In my projects, logging means "print to stderr or write to a file" :-)

> If the parent of a process group is terminated, SIGHUP is sent to its children. Catch the signal then terminate.

So you need to make a process group... What if your code should be cross platform? Do you know how to do this on Windows?

> No such signaling exists in pthread_blah world

This kind of signaling does not exist because it is not necessary. Tasks either periodically check a boolean flag or get notified via the queue itself. Here is a random simple example: https://openframeworks.cc/documentation/utils/ofThreadChanne....

Also, I'm not sure why you keep talking about pthreads... Modern programming languages have their own (portable) threading abstractions.

dragontamer · on Feb 21, 2023

> Wow. And that is somehow easier than using, say, a concurrent collection? (I have never used a database in my life, so we obviously come from very different angles :-)

When it comes to understanding locks, concurrency, and parallelism with shared data between threads... yeah. In my experience, the database is heavy lifting but absolutely ensures that most issues are taken care of.

But as I stated earlier: lighter weight solutions, such as flock() exist for a reason. If the database is too heavy (note: sqlite3 is extremely lightweight, so I bet it works for most cases), then flock() a file and read/writing to it works too.

What flock() gets you is that 100% certainty about cleanups upon strange exit cases that threads do not get you. A flock() always cleans itself up on process termination. No guarantees about mutexes (or other issues) on thread-cancellations or other thread-related issues. (I dunno, oom killer)

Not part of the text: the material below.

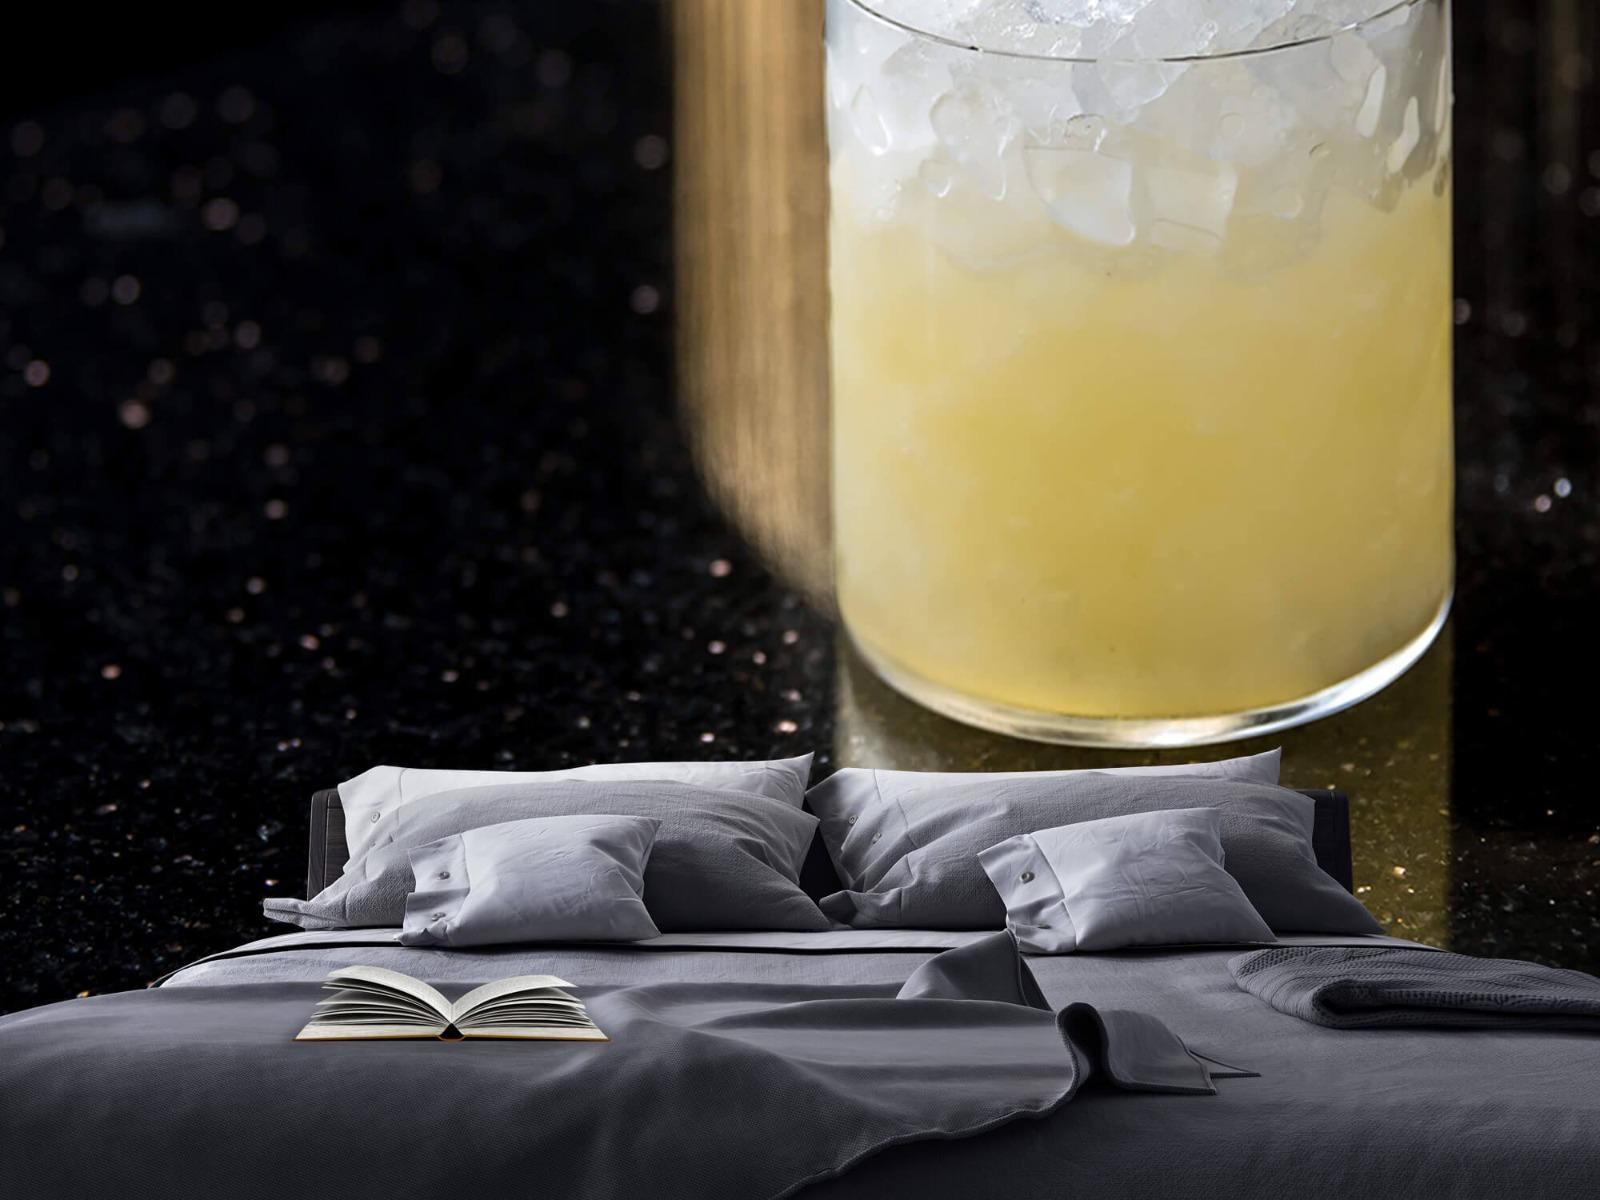 Overige - Luxe drankje - Keuken 17
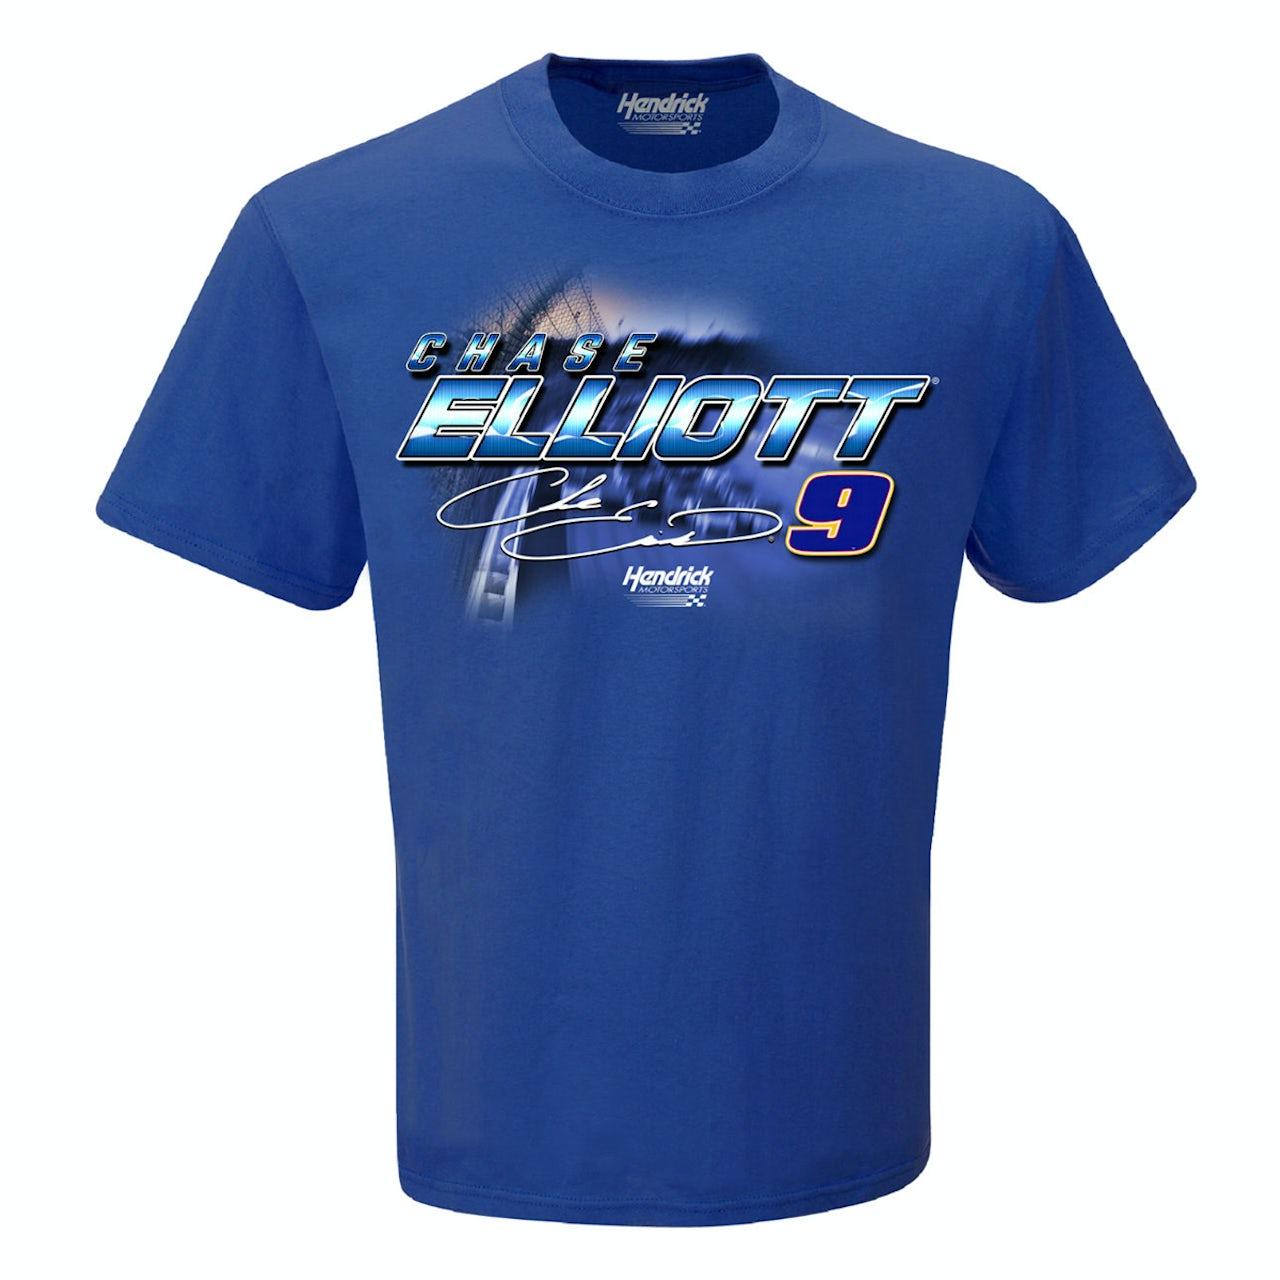 Chase Elliott T Shirt >> Hendrick Motorsports Chase Elliott 9 2019 Nascar Schedule T Shirt

> Again, there is almost never a good reason to use pthread_cancel() in the first place.

On the contrary. The pthread community knows that pthread_cancel() is poorly behaved and constantly tells beginner programmers not to use it.

"There's no good reason" because everyone knows that the number of traps in using that function are legion. Its never worthwhile to use that function because it just leads to severely buggy behavior in practice.

> So you need to make a process group... What if your code should be cross platform? Do you know how to do this on Windows?

... you know that Win32 doesn't support pthreads, right? And C++ std::thread doesn't support anything that we've talked about either.

To answer your question: Win32 job objects. Every reasonable modern OS supports the concept of sessions (Windows just calls them job objects instead). The OS-level (be it session leaders / session groups in Linux, or Job objects in Windows) is the correct solution to this problem.

EDIT: Found the function name for ya: https://learn.microsoft.com/en-us/windows/win32/api/jobapi2/...

> This kind of signaling does not exist because it is not necessary. Tasks either periodically check a boolean flag or get notified via the queue itself. Here is a random simple example: https://openframeworks.cc/documentation/utils/ofThreadChanne....

> Also, I'm not sure why you keep talking about pthreads... Modern programming languages have their own (portable) threading abstractions.

And you damn well know that under a thread-kill or thread-cancel scenario, this code stops functioning. While all the code I talked above will function correctly even in the worst-case "kill -9" SIGKILL.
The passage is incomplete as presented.